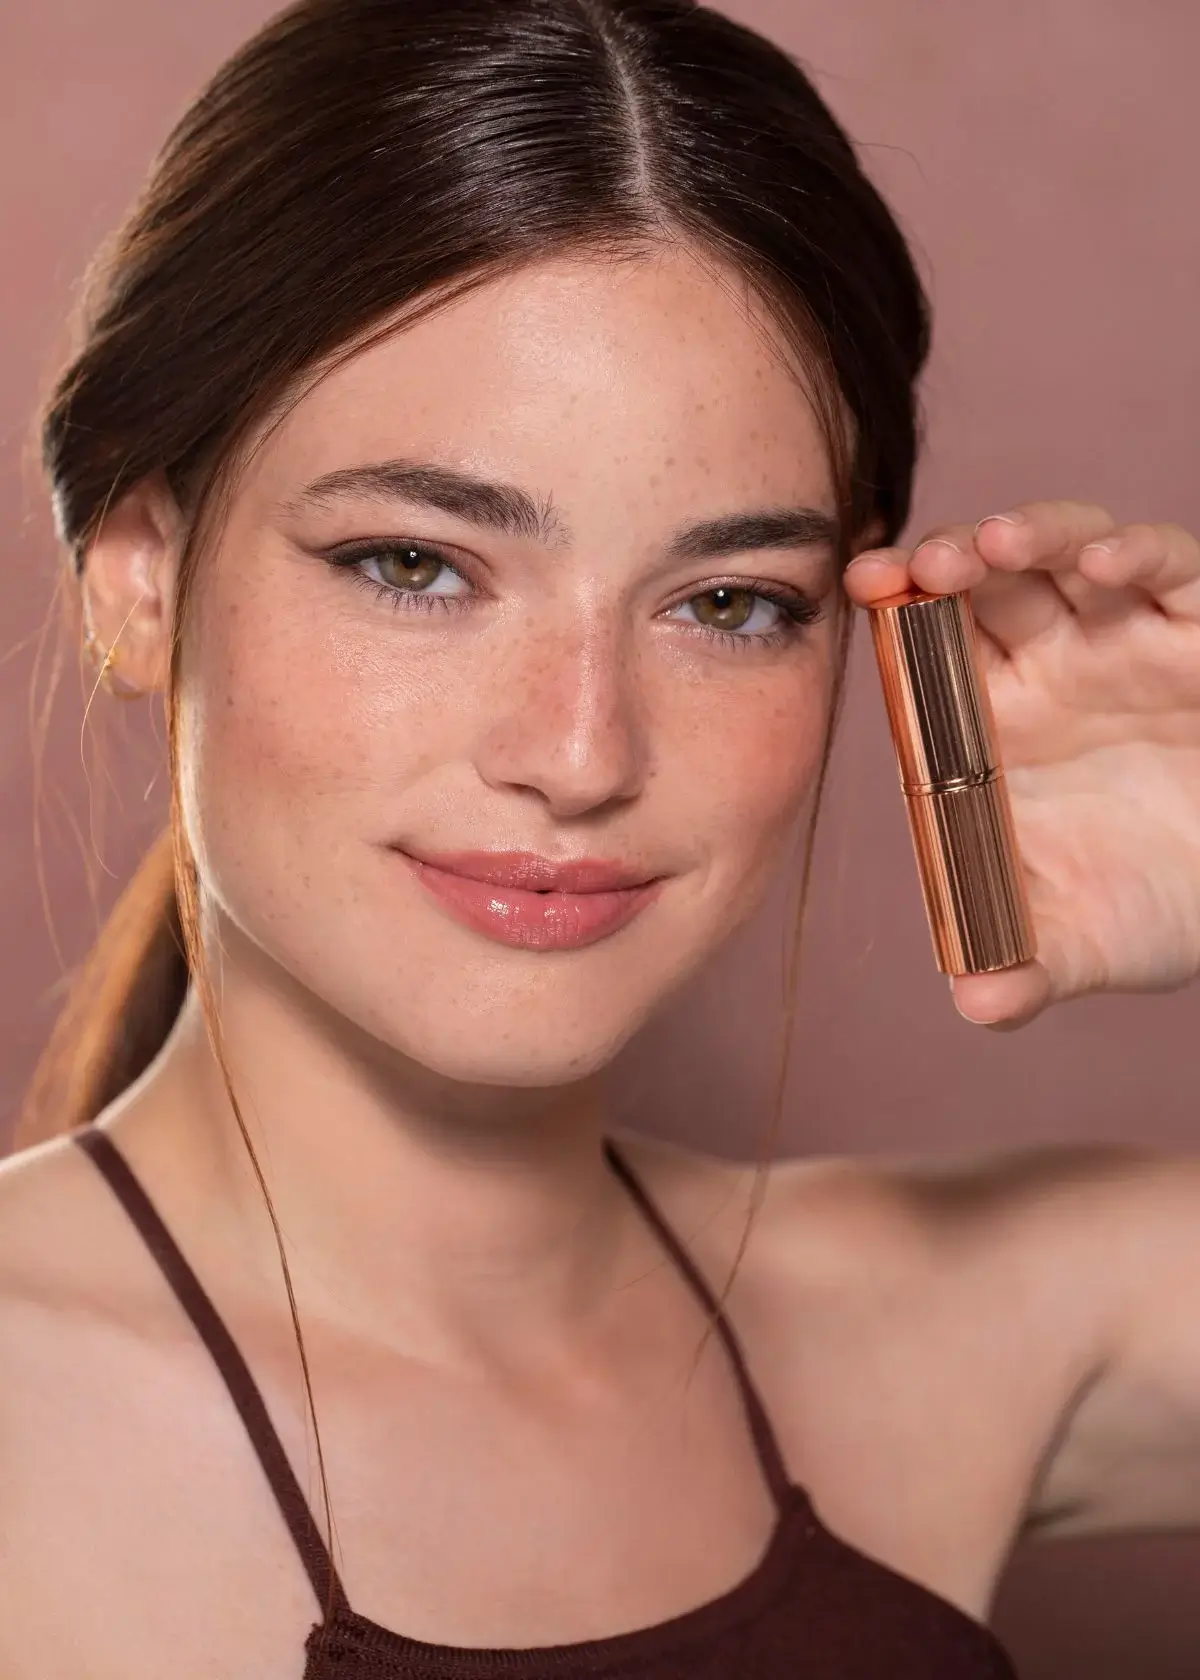 How to choose the right bronzer stick?
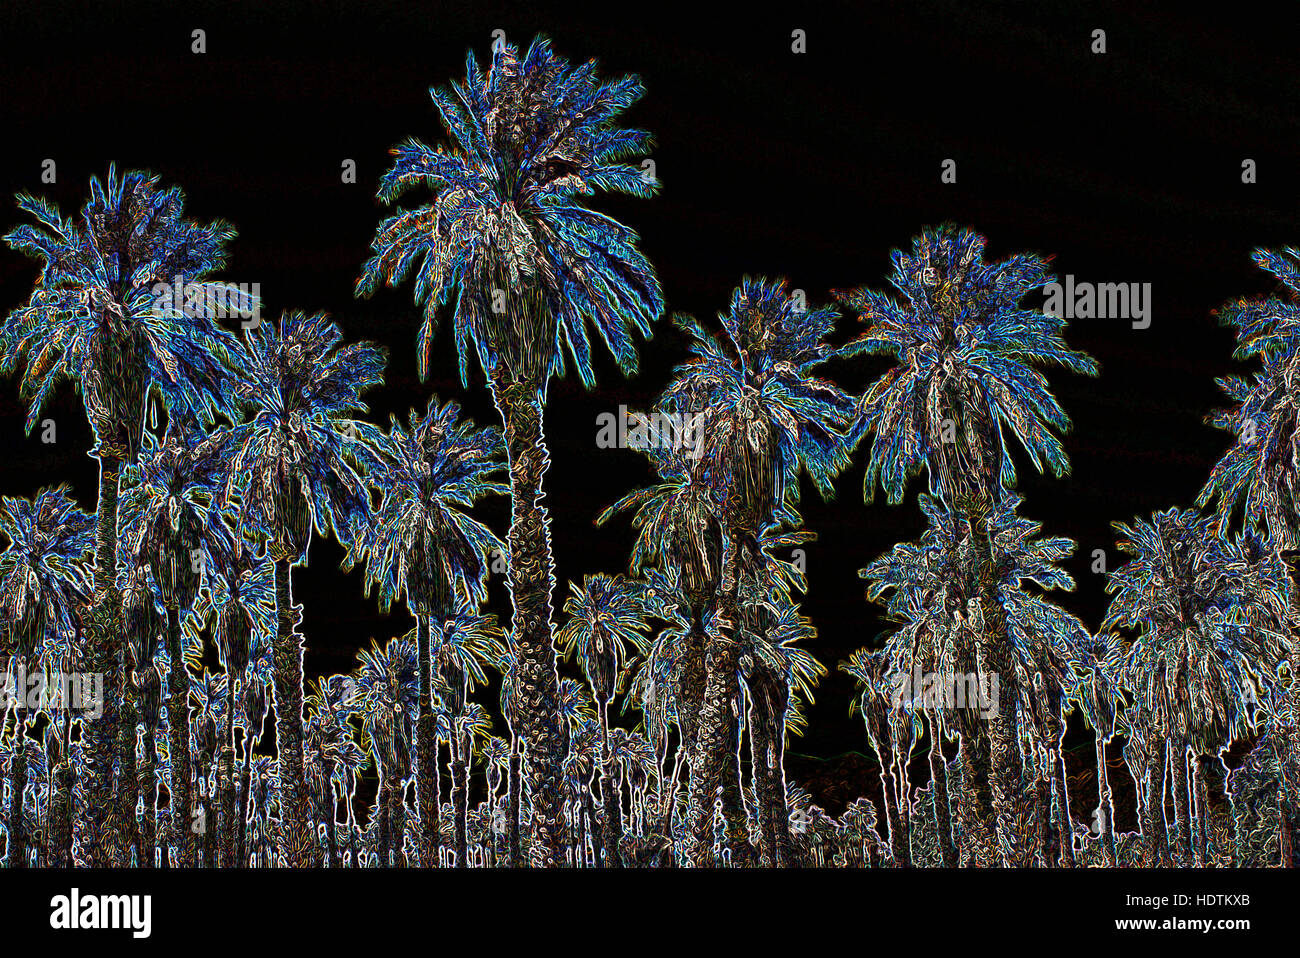 Palm Trees (Arecaceae or Palmae) - Digitally Manipulated Image with Glowing Edges, Abstract Forest on a Black Background Stock Photo
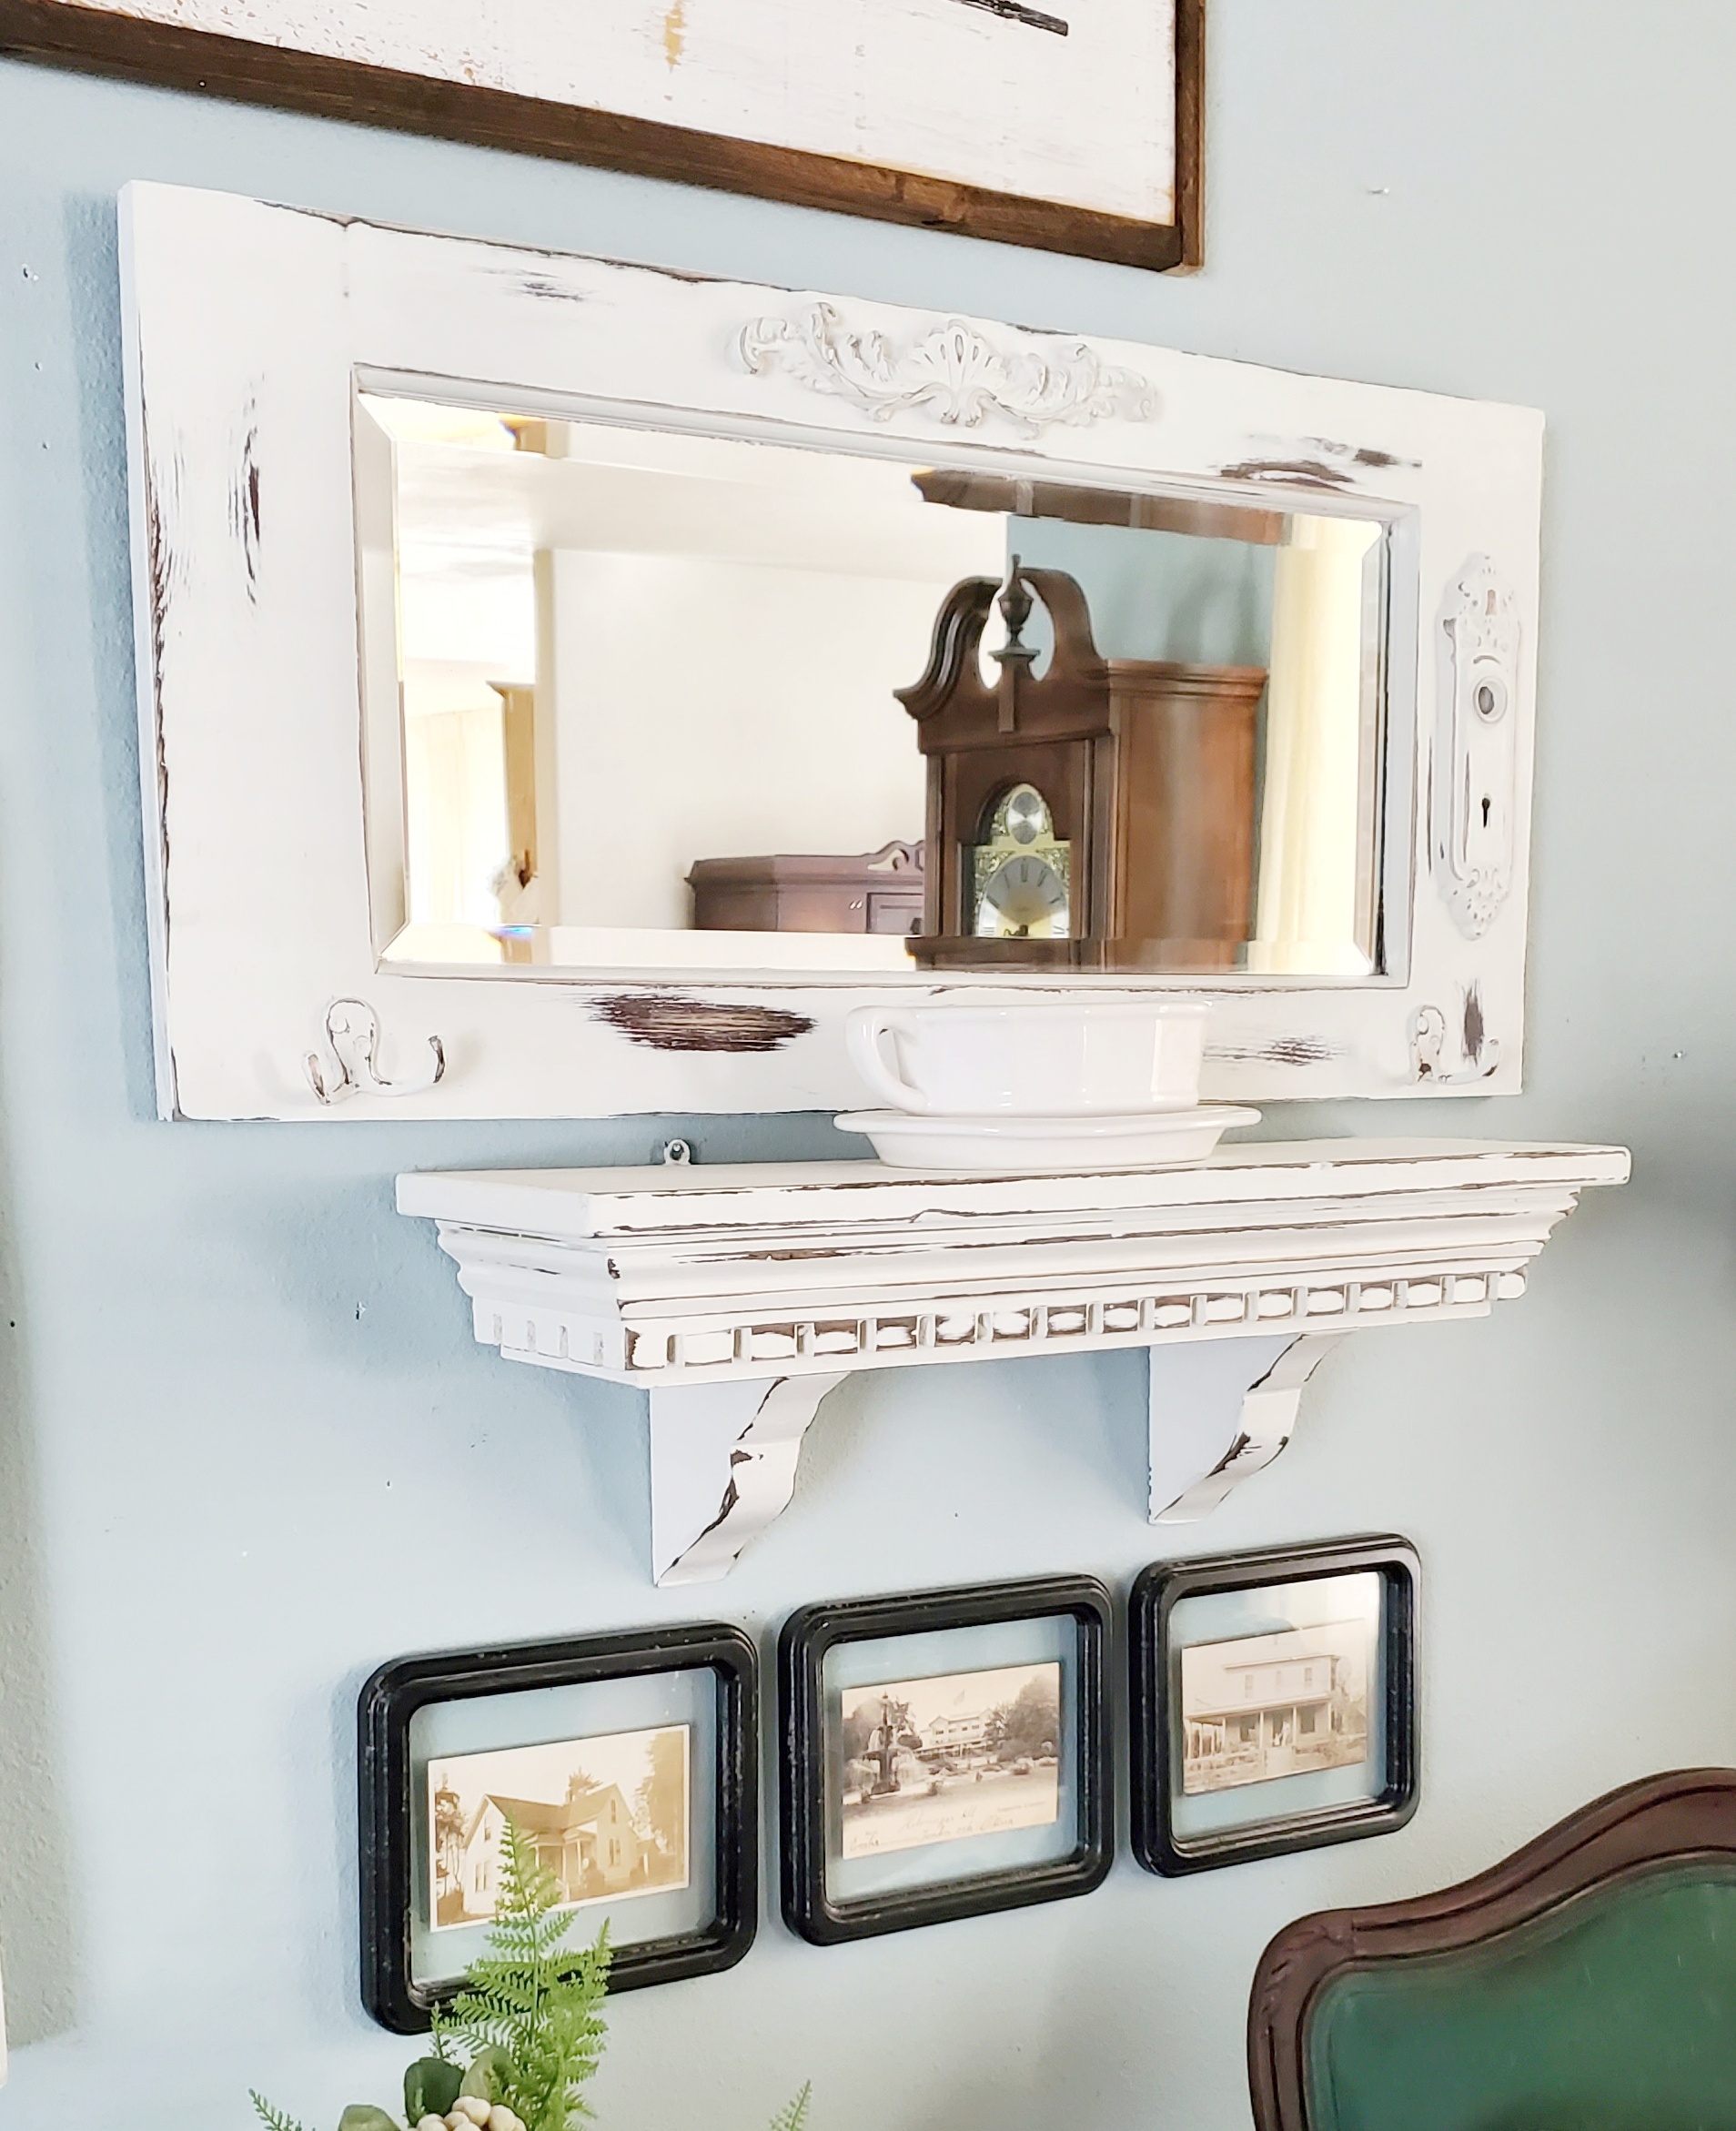 How to Give a Goodwill Shelf & Mirror a Vintage Vibe

● Task goal: Would you copy all of the data exactly? Keep the pictures out of it.

● Answer to this problem:
 How to choose the right bronzer stick?
 Palm Trees (Arecaceae or Palmae) - Digitally Manipulated Image with Glowing Edges, Abstract Forest on a Black Background Stock Photo
 How to Give a Goodwill Shelf & Mirror a Vintage Vibe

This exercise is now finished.